Андрей долго думал, как поступить. Потом собрал всех нас и сказал:
— Как командир; я должен отдать матроса Чирка под суд. Как коммунист — понимаю его поступок и не имею права обидеть формальной суровостью. Однако во время погрузки отныне буду выставлять часовых.
Положение у Андрея сложное: каждый из нас втихомолку бредит плацдармом. Теперь, после случая с Чирком, хлопцы подолгу о чем-то шепчутся.
— Хоть ты уж не подводи меня, — сказал мне сегодня Андреи и глухо закашлялся. С легкими у него, по-моему, очень плохо.
Не выходят из головы мысли о тебе и о Ленинграде, Чирок рассказывал, едят кору от деревьев. Принес он кусочек хлеба из города: тяжелый, как гвозди. Говорят, выпекают его из хлопкового жмыха… Как же мне уберечь тебя, моя девочка? Какую муку взвалить на себя, чтобы облегчить муки любимых? Готов на все.

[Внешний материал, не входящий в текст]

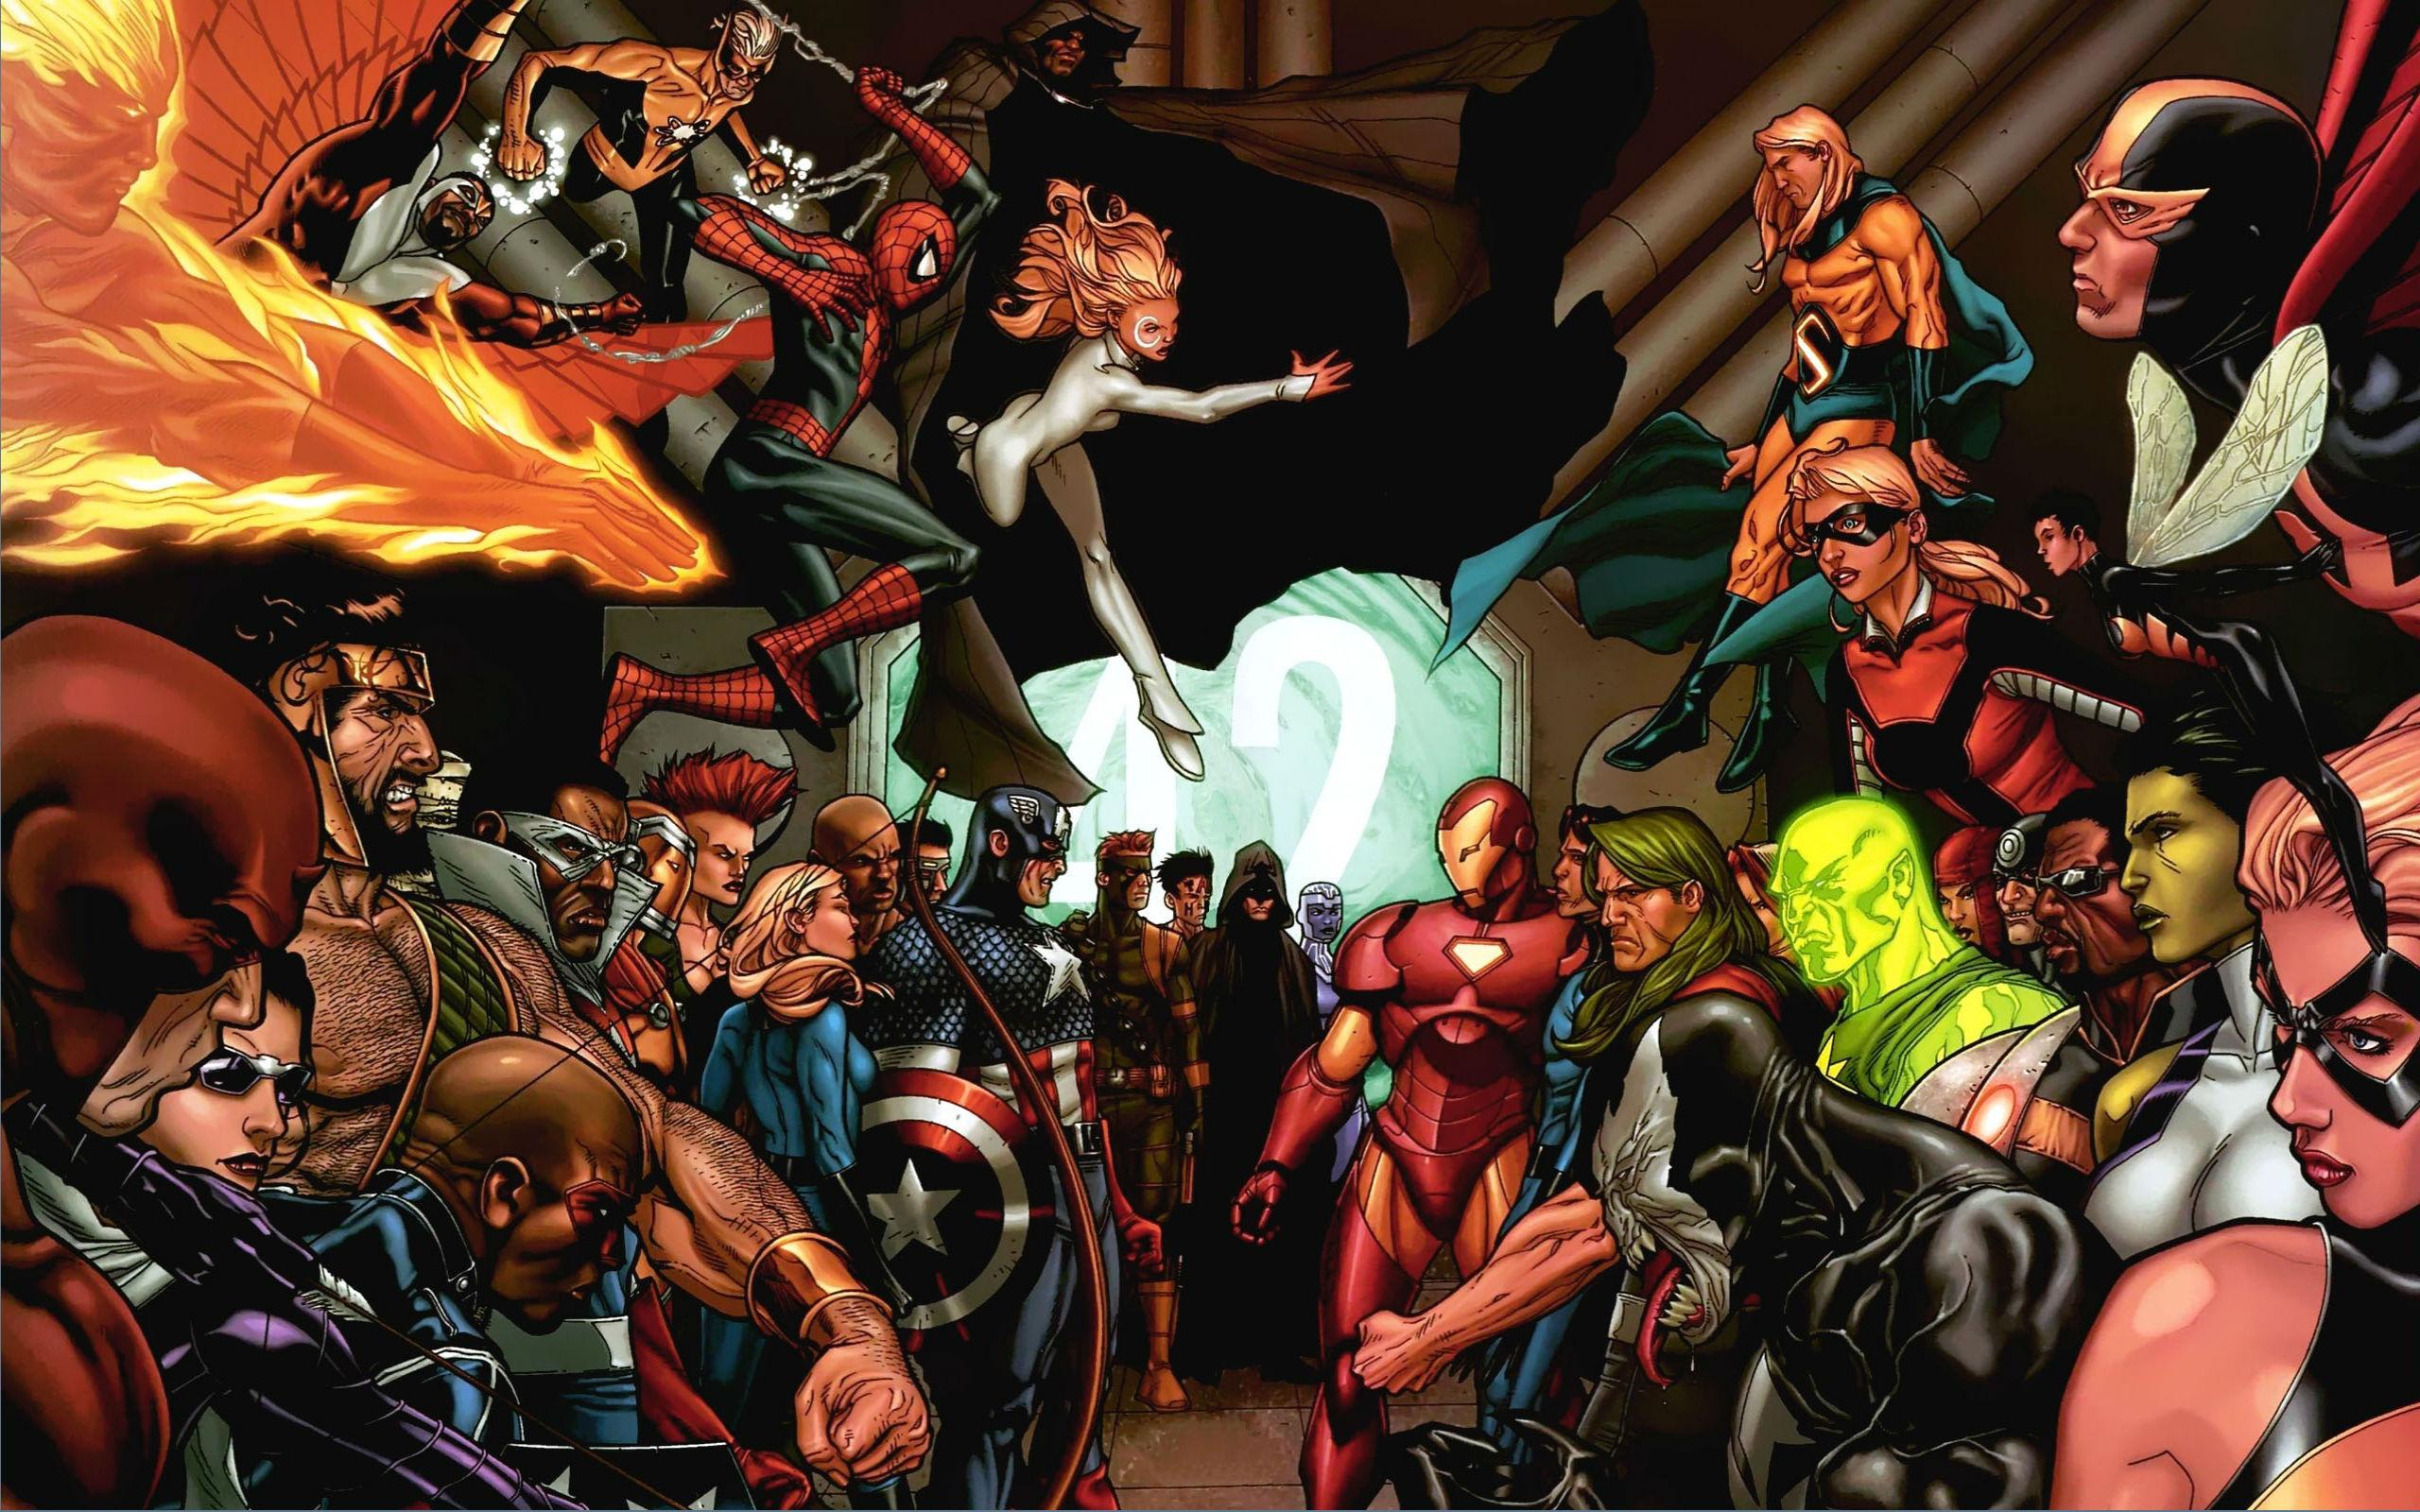 Marvel Civil War Computer Wallpapers Desktop Backgrounds 2560x1600 2560x1600

Не писала тебе, родной мой, целую вечность. У меня, мальчишка, беда. Пела как-то в госпитале и вдруг сорвалась. Попробовала снова взять ноту — и опять не смогла. Села тогда и разревелась. Раненые всполошились, вызвали врача. Тот посмотрел, покачал головой, «Вам петь нельзя, — произнес приговор. — Вы слишком слабы». Случилось то, чего я давно опасалась, но в чем боялась признаться далее себе.
Проревела несколько дней подряд… Временами мне кажется, что это плата за мое запоздавшее счастье, за то, что не послушалась доводов рассудка. Неужели это правда? Неужели девчонка, замерзавшая в подворотне, не имеет права на то, чтобы ее отогрели? Скажи, что это не так, мой ласковый, что любишь по-прежнему и будешь любить, что бы со мной ни случилось!